**Goal of the exercise:**
Set down the listing exactly as given, minus images.

**Exercise data:**
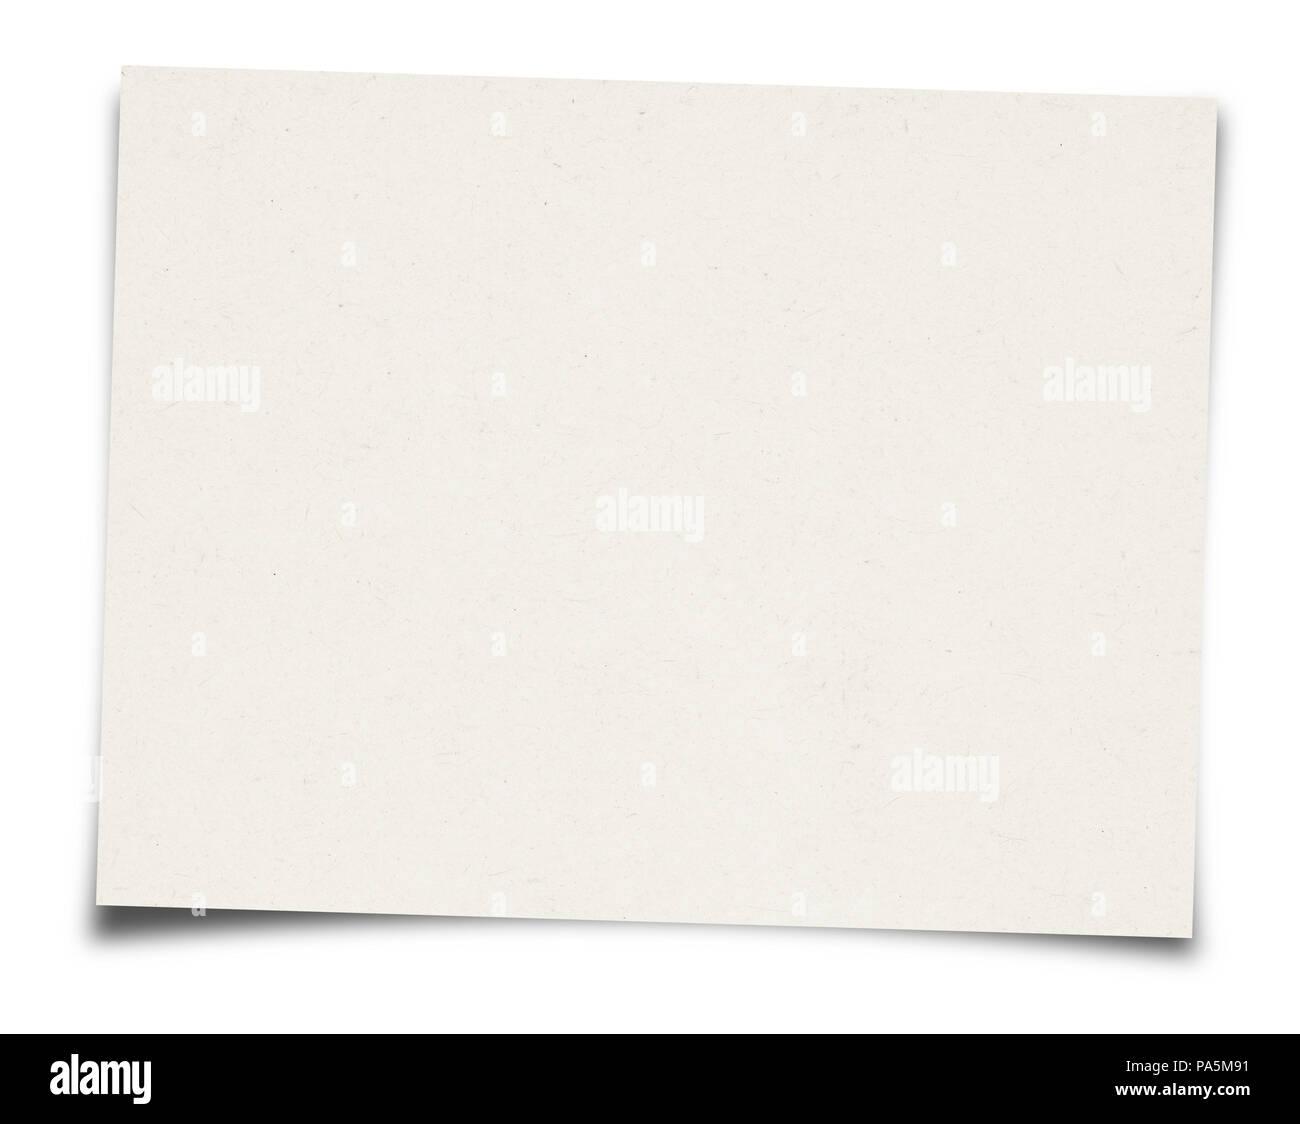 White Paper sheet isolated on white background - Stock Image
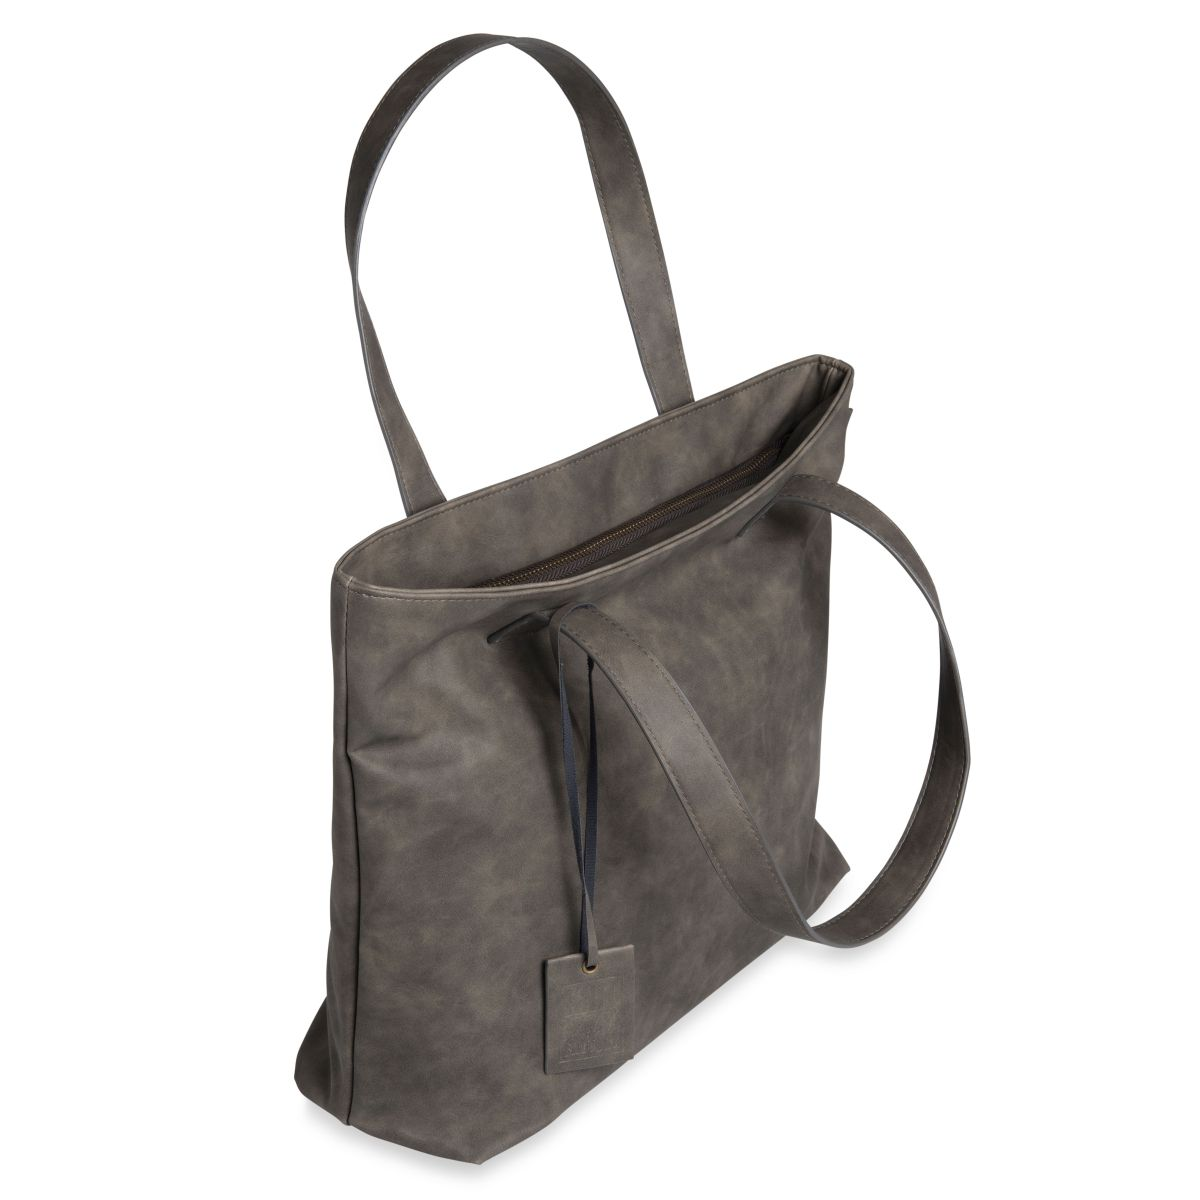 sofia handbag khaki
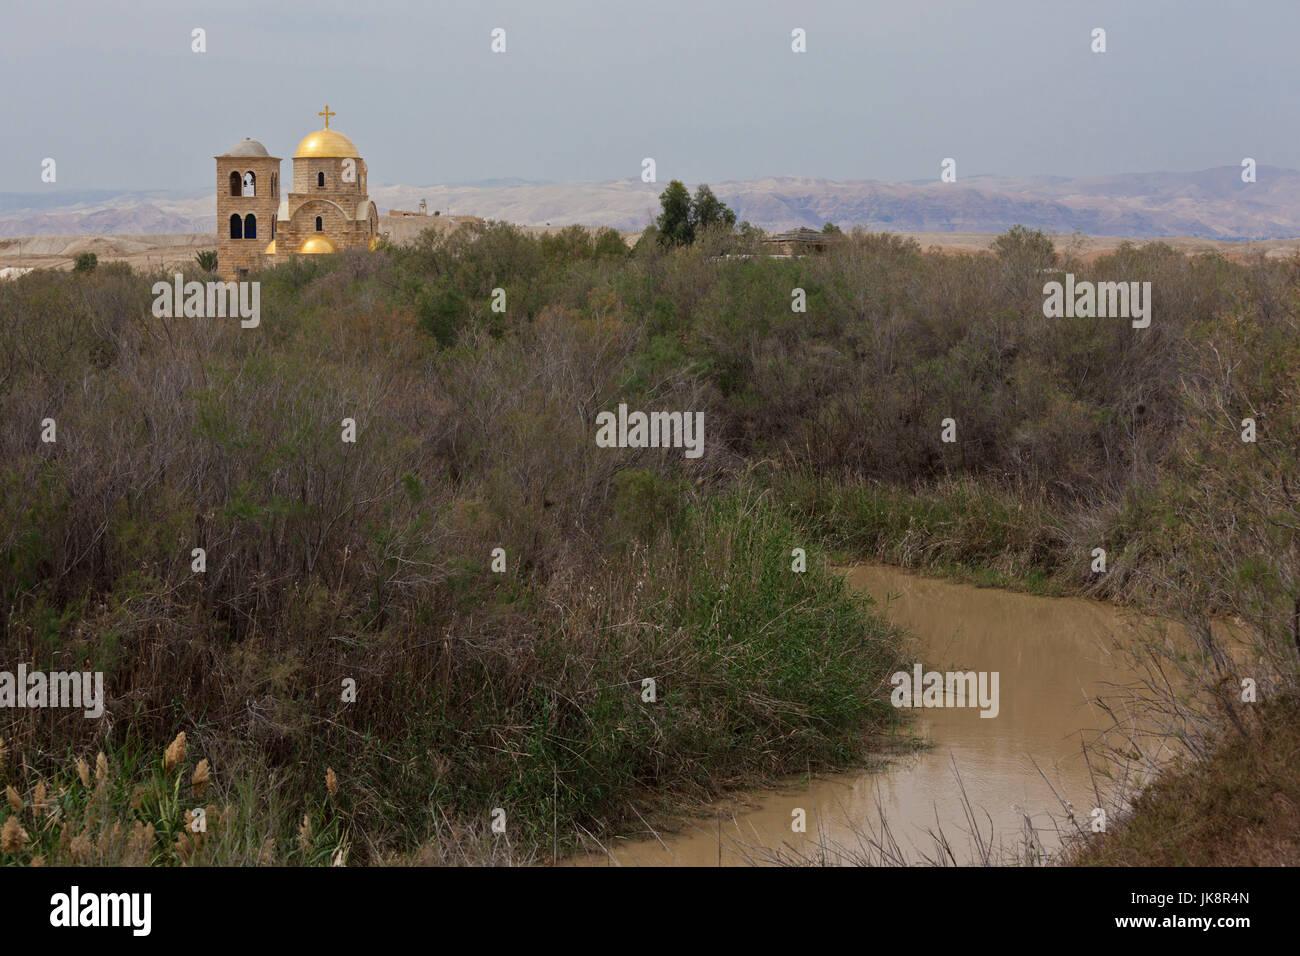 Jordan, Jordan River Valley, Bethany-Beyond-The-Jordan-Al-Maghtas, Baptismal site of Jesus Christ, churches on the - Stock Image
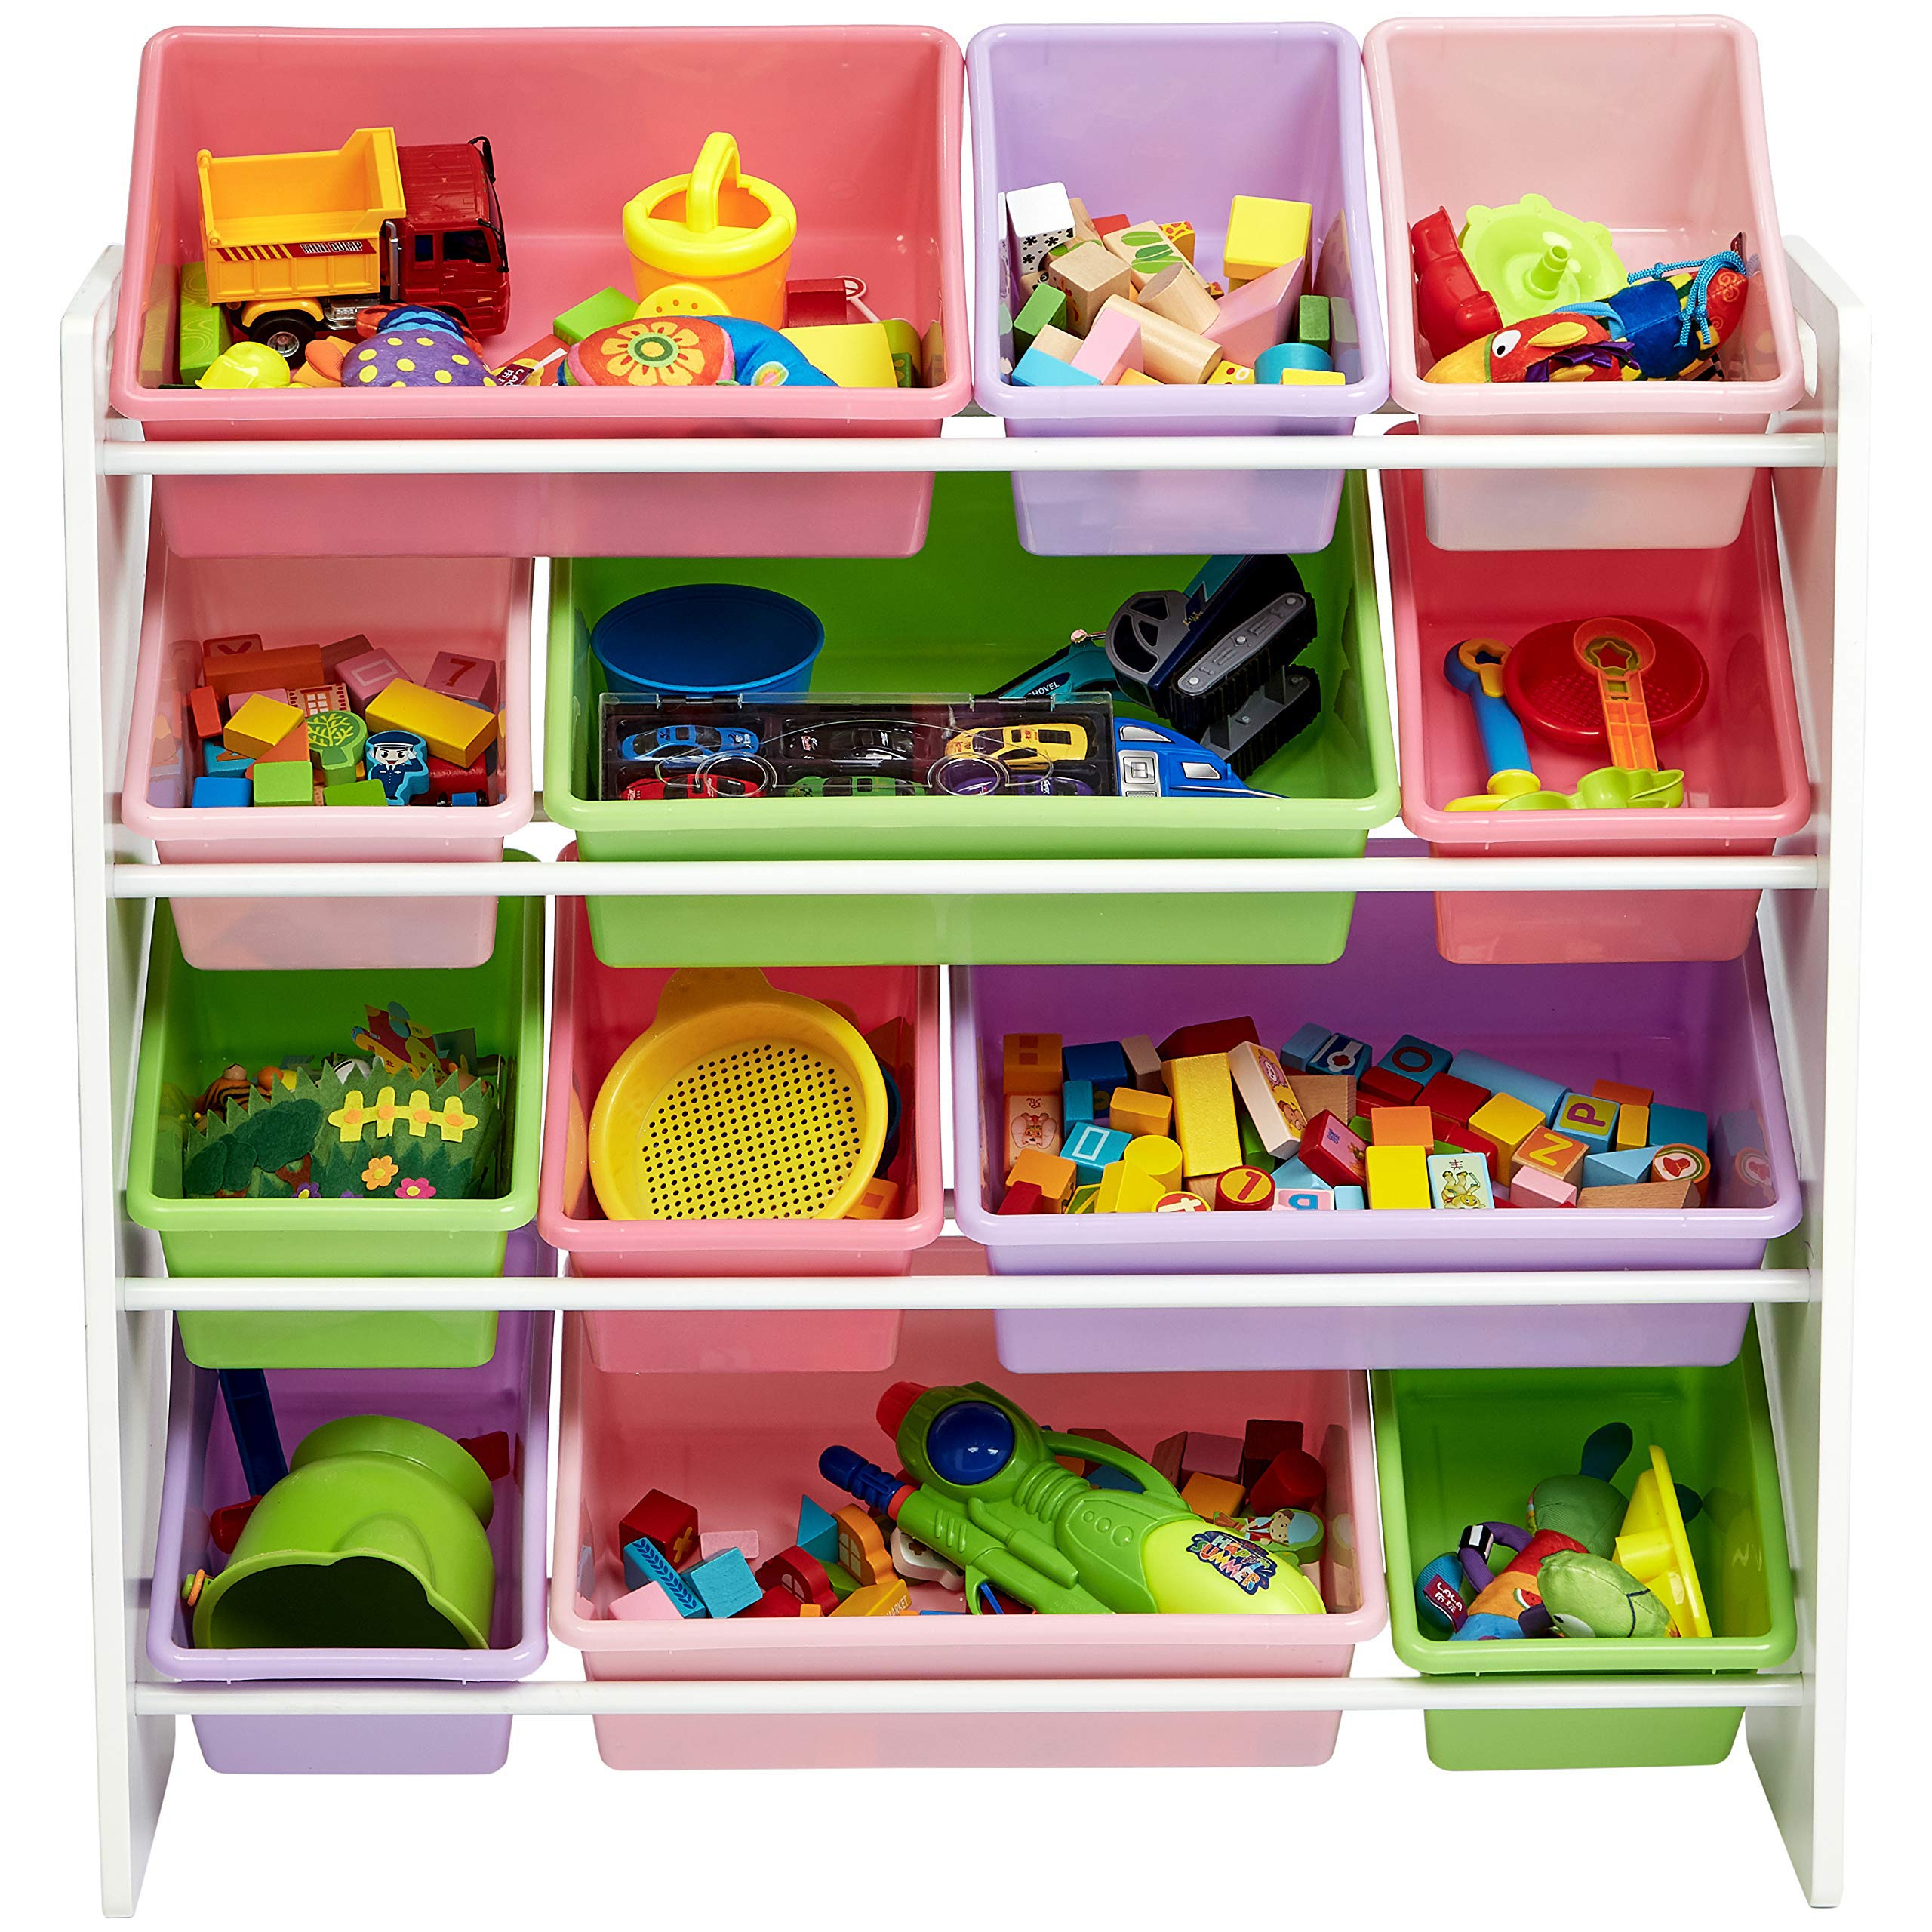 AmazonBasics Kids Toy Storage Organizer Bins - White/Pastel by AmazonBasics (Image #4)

**Exercise answer:**
 White Paper sheet isolated on white background - Stock Image
 sofia handbag khaki
 Jordan, Jordan River Valley, Bethany-Beyond-The-Jordan-Al-Maghtas, Baptismal site of Jesus Christ, churches on the - Stock Image
 AmazonBasics Kids Toy Storage Organizer Bins - White/Pastel by AmazonBasics (Image #4)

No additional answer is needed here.